S4PU - Simple Forth Processing Unit

Simple Forth Processing Unit (S4PU) is a 16-bit stack-based CPU that explores some of the ideas seen on Koopman’s “Stack Computers: the new wave”.



The machine runs on a subset of the Forth programming language with 32 instructions, thus being considered a Minimal Instruction Set Computer (MISC) architecture. It fits what Koopman calls the “ML0 design”:

  • Multiple Stacks: one dedicated to operating data and another to store return addresses.
  • Large Stack Buffer: although “large” is debatable, here it means the stack does not reside in main memory.
  • 0-Operand: there are no operands associated with an instruction’s opcode, the top of the data stack is implicitly used instead.

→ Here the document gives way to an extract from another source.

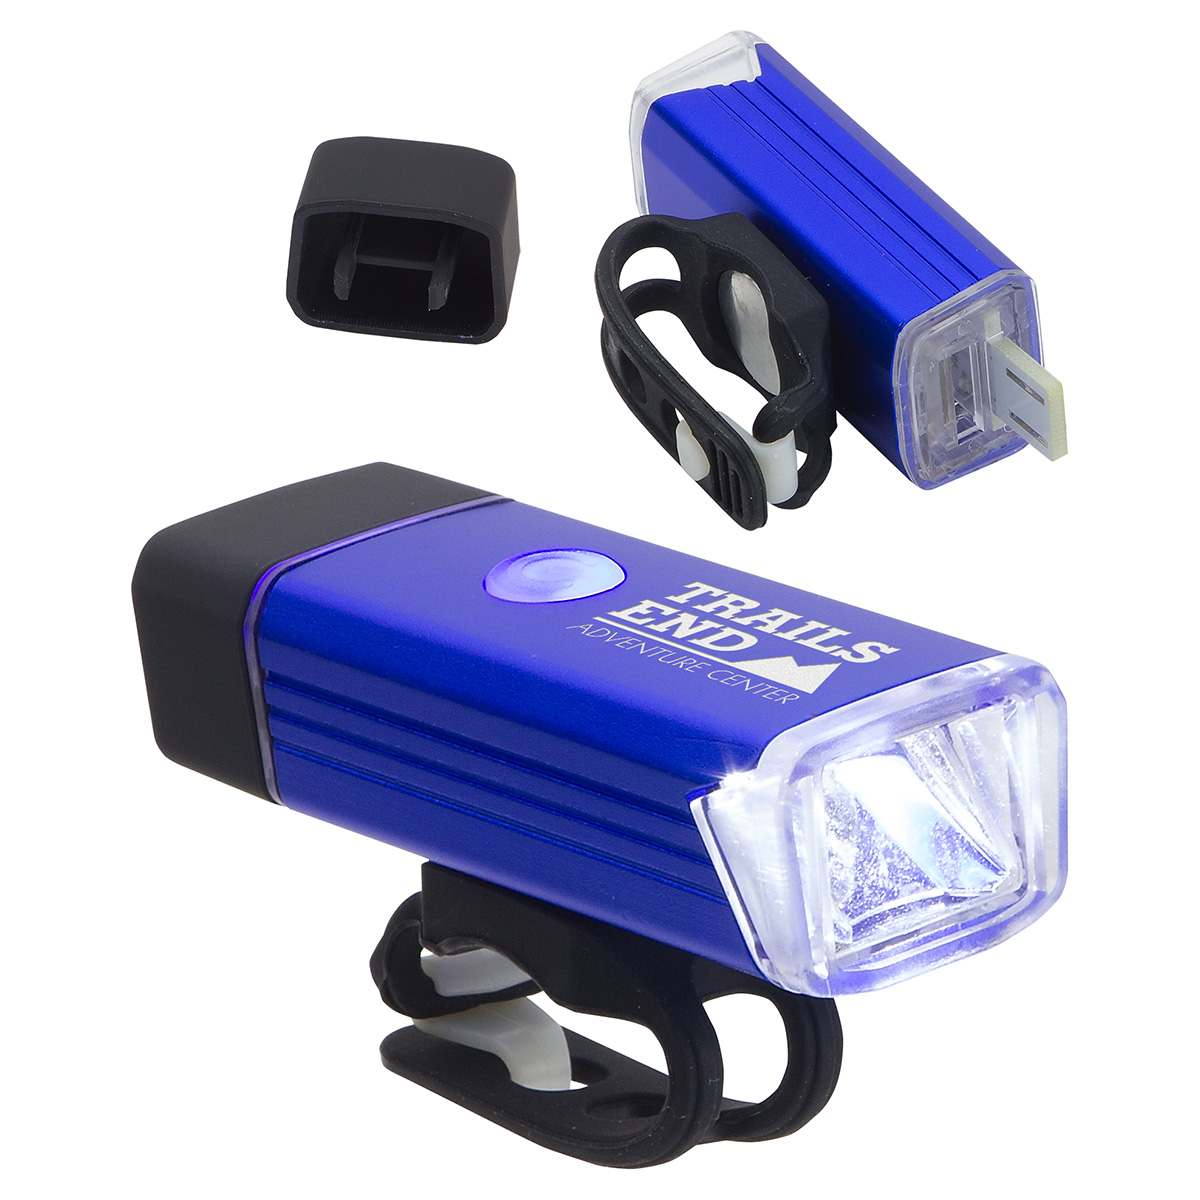 Radiant Rechargeable Bike Light, WLT-RR18, 1 Colour Imprint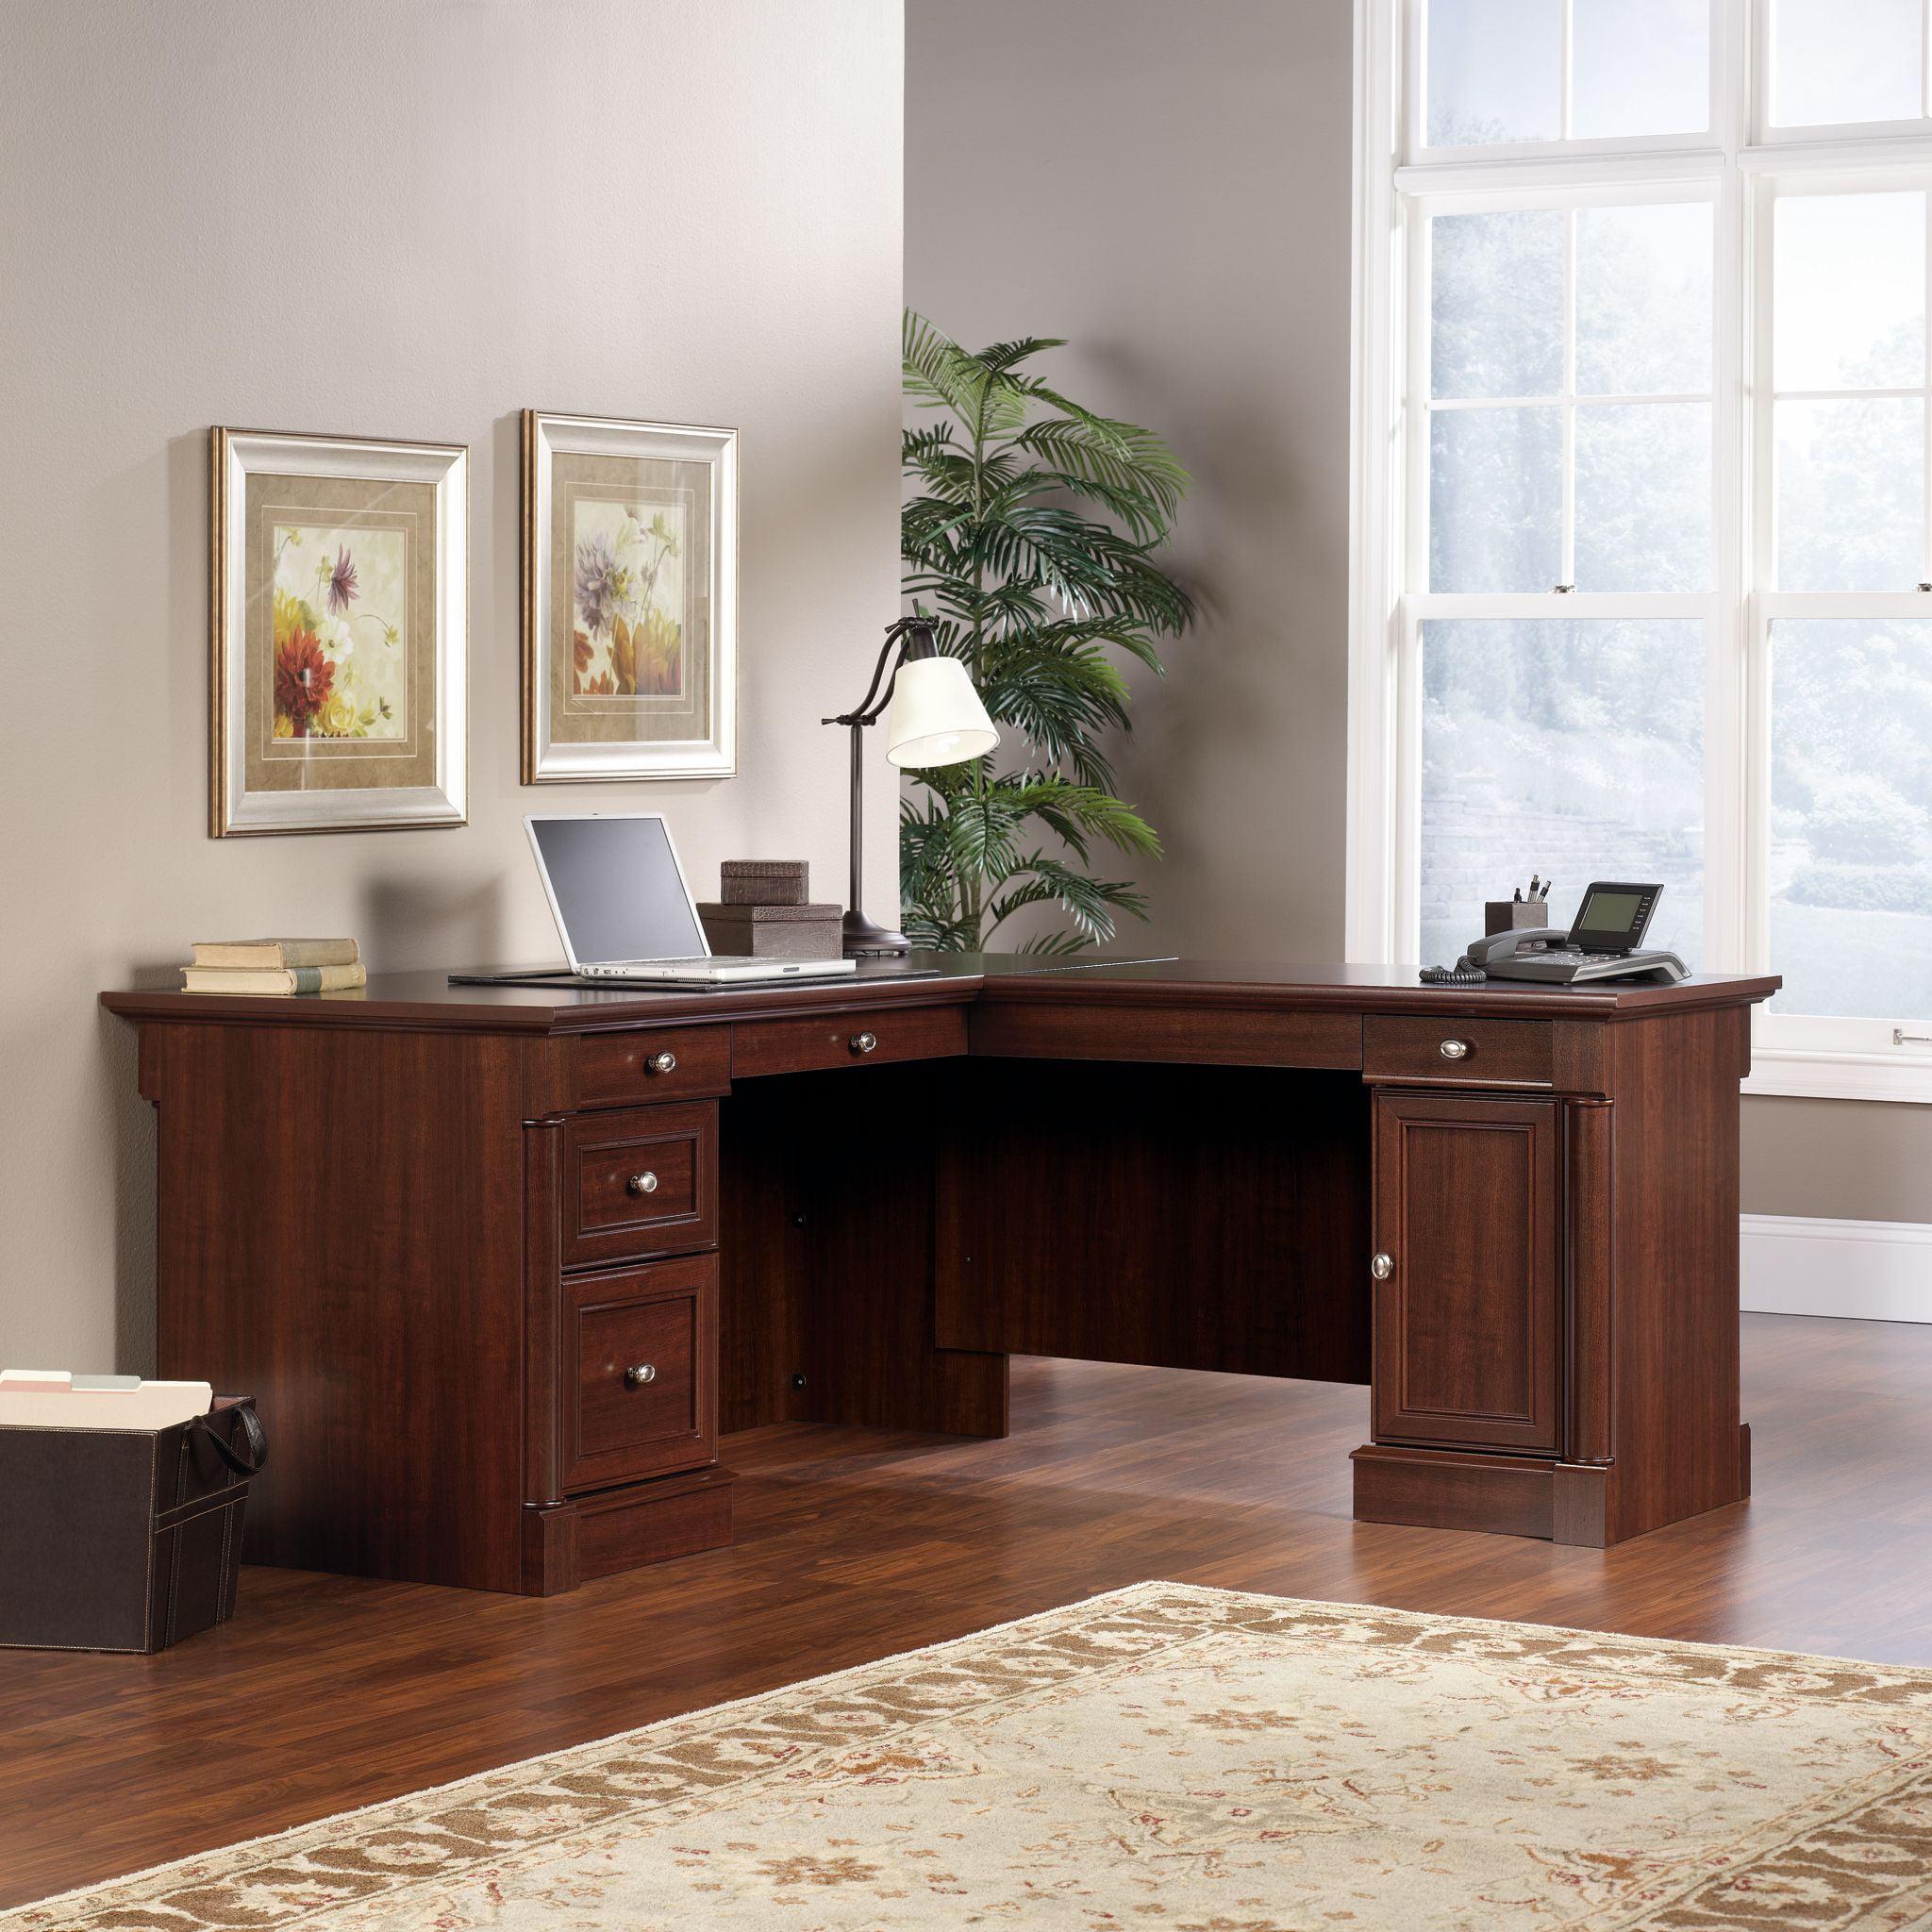 Beau Sauder Palladia L Shaped Desk, Select Cherry Finish   Walmart.com

As is the case with most stack computers, S4PU’s strength and weakness is its simplicity. While performance levels will never reach those of pipelined superscalar processors, stack-based CPUs are generally simpler, cheaper and less power-hungry. This makes them suitable for applications such as embedded systems control. More importantly, designs such as this one are really simple and easy to understand – even more so than didatic MIPS implementations – and have their place, I believe, in teaching Computer Organization and Design.


The processor was implemented in VHDL using Altera (which is now a part of Intel) Quartus II and synthesis was targeted at an EP2C35F672C6 chip from the Cyclone II family of FPGAs, so that it could be physically prototyped. Testbench simulations were performed in ModelSim.

In order to program the CPU, a simple assembler program was developed in Python to translate S4PU’s assembly language into Memory Initialization File (.mif) format which was later loaded into the FPGA’s memory cells standing for the computer’s program memory.

I’ve made the whole project, including documentation (pt-BR), available on GitLab.